EVOLVE Program Helps Ex-Felons

Five thousand inmates are released onto the streets of Las Vegas every year by the Nevada Department of Corrections. Most don't have any money, housing, transportation or a job. But there is a local program helping ex-offenders succeed in society.

Lisa Getman, and EVOLVE graduate, said, "It was a feeling of hopelessness and despair that I would never get my life back on track." Getman says the worst part of going to prison was getting out -- not even her college degree could change the fact that she is an ex-felon. "I just could not get my foot through the door," she said.

That was until Getman enrolled in the EVOLVE program -- the first community based re-entry program in southern Nevada. EVOLVE provides ex-offenders with intense case management, counseling, job training and placement for up to 18 months.

EVOLVE coordinator Allison Effner says, "If these people don't have jobs and they're just dropped off at the bus station they're gonna do what they need to eat and survive. So they may be breaking into homes and stealing cars."
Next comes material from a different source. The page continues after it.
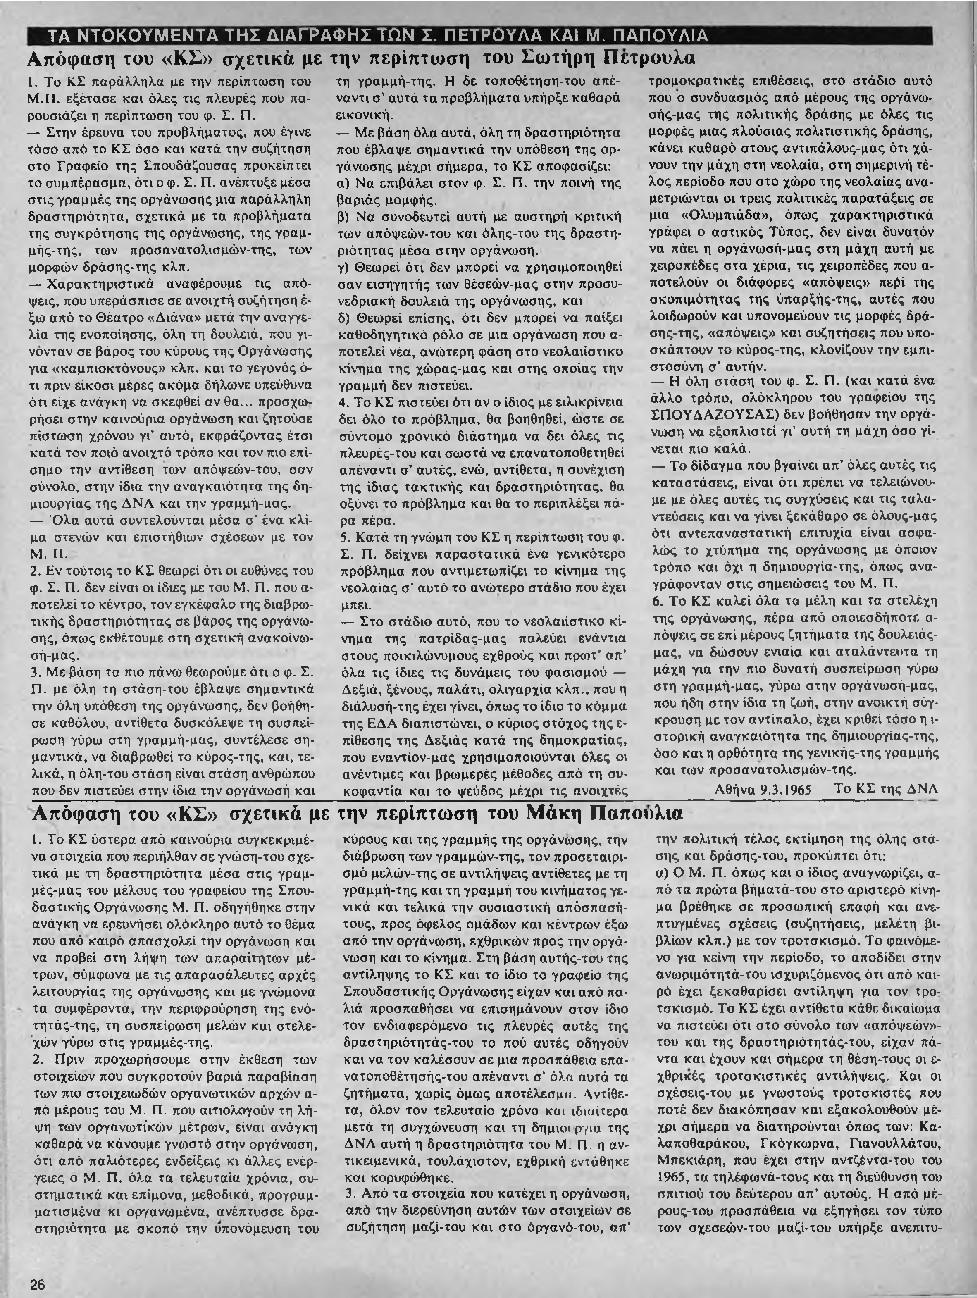 Σωτήρης Πέτρουλας και Μάκης Παπούλιας: Τα ντοκουμέντα της διαγραφής από ΔΝΛ Νεολαία Λαμπράκη, 09/03/1965. Βαριά μομφή στον Πέτρουλα, διαγραφή στον Παπούλια.

According to national recidivism rates, 66-percent, or two out of three inmates, return to prison within three years. But the EVOLVE program boasts a recidivism rate of just 12-percent. Effner comments further, "It's phenomenal. It really is."

EVOLVE is also saving taxpayers money. There's a one-time cost of $5,000 to put someone through the EVOLVE program -- compare that to the $18,000 a year it costs to incarcerate someone.

EVOLVE is funded through grant monies and succeeds because employers like New Horizons are willing to give the Lisa Getman's of the world a second chance. Yolanda Burroughs, New Horizons general manager, said, "Her integrity, her honesty and her work ethic are impeccable."

Lisa Getman adds, "Give us a chance. There are so many people who could be a good match for your business and they will be more loyal, have more to prove and will stay with you longer."

The EVOLVE Program is run through the City of Las Vegas Neighborhood Services Department located at City Hall, 2nd Floor, 400 Stewart Avenue. The phone number is 229-2330.

Since 2003, it has helped more than 2,000 ex-offenders get back on their feet. Around 70-percent of their clients now work at jobs that pay more than $11 an hour. That's double Nevada's current minimum wage.